Generative AI: When to Buy vs When to Build
Generative AI is no longer a futuristic concept or a side experiment for product teams. It is already embedded in the products we use every day - writing our emails, helping us code, answering customer queries, generating images, and even translating natural language into data insights. What’s interesting is not just that these features exist, but how they are built: behind every “AI-powered” button is a set of concrete design and technical decisions around models, prompts, data, and system architecture. Before diving into the strategic question of whether teams should build their own generative AI capabilities or buy them from existing providers, it’s worth grounding ourselves in how generative AI is being applied in real products today. These examples help demystify what generative AI is actually doing under the hood - and they provide important context for understanding the trade-offs that product leaders must navigate when deciding how to bring AI into their own products.

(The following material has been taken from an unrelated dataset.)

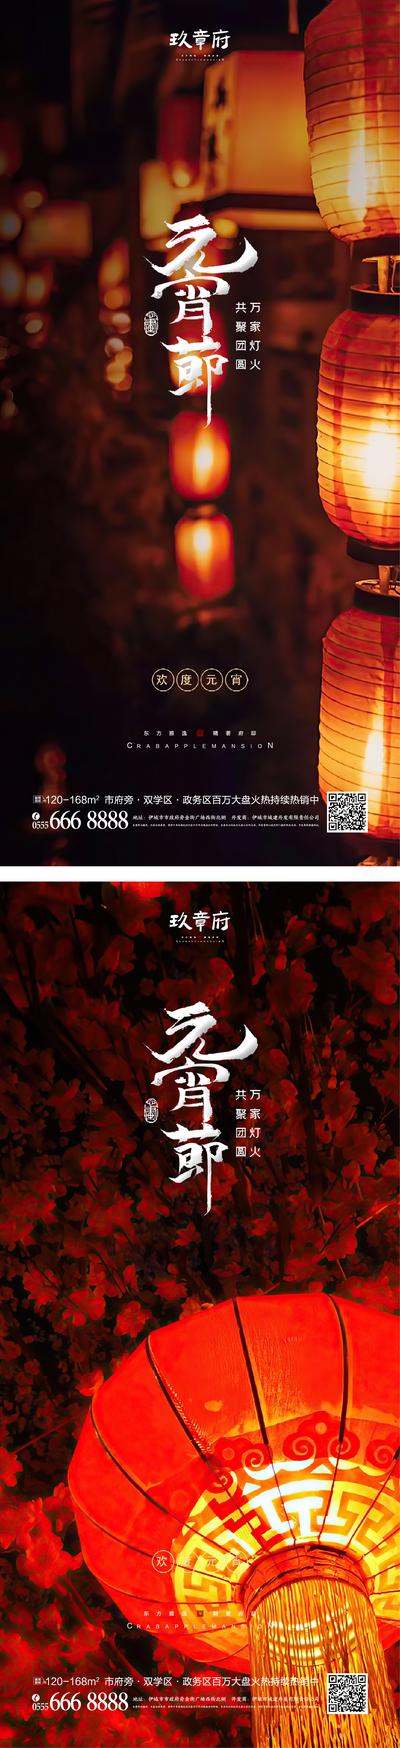 南门网 海报 中国传统节日 房地产 元宵节 正月十五 猜灯谜 灯笼 喜庆 系列

Generative AI in Action: Examples from Today’s Products
Let’s look at how Generative AI is being used by companies in ways you have likely encountered or can easily relate to. These examples highlight both what the models do and tie back to how they do it using the concepts above:
Smart Writing Assistants: Both Google and Microsoft have introduced AI writing features in their productivity suites. Google’s “Help me Write” in Docs and Gmail, for instance, can draft emails of documents from a brief prompt - essentially an LLM generating text on the user’s behalf. Microsoft 365 Copilot similarly integrates GPT-5 into Word (to draft passages given a command), Outlook (to summarize long email threads or draft replies), and even Teams (to recap meetings). Under the hood, these use prompt engineering to take the user’s context (like an email thread or document content) and feed it into the model with instructions like “Summarize this thread” or “Draft a response about X”. The model’s ability to attend to the context and generate fluent text is what makes this possible. Early user feedback has been that these tools can save tons of time on drudgery - though they require oversight to avoid the occasional mistake (e.g. a misstated fact due to a hallucination).
Code Generation and Dev Tools: If you are a software engineer (or work with engineers), you might have seen GitHub Copilot or Amazon’s CodeWhisperer. These are AI pair-programmers that sure lines or blocks of code as you type. GitHub Copilot, for example, is powered by an LLM fine-tuned on billions of lines of code (OpenAI’s Codex model). As you write a comment like // function to sort a list of numbers, Copilot’s inference will produce a candidate implementation of that function, right in your editor. It works by reading the context (the code written so far, the comment) - thanks to tokenization and attention, it “understands” the intent - and then generating the next tokens which happen to be code. Developers find that it can autocomplete repetitive code, suggest solutions, or at least provide a starting point, significantly boosting productivity. This is generative AI specialized via fine-tuning (on code) and guided by prompt engineering (the comment acts as the prompt). Notably, the model doesn’t always get it right, but it often does, or it produces something the developer can quickly correct.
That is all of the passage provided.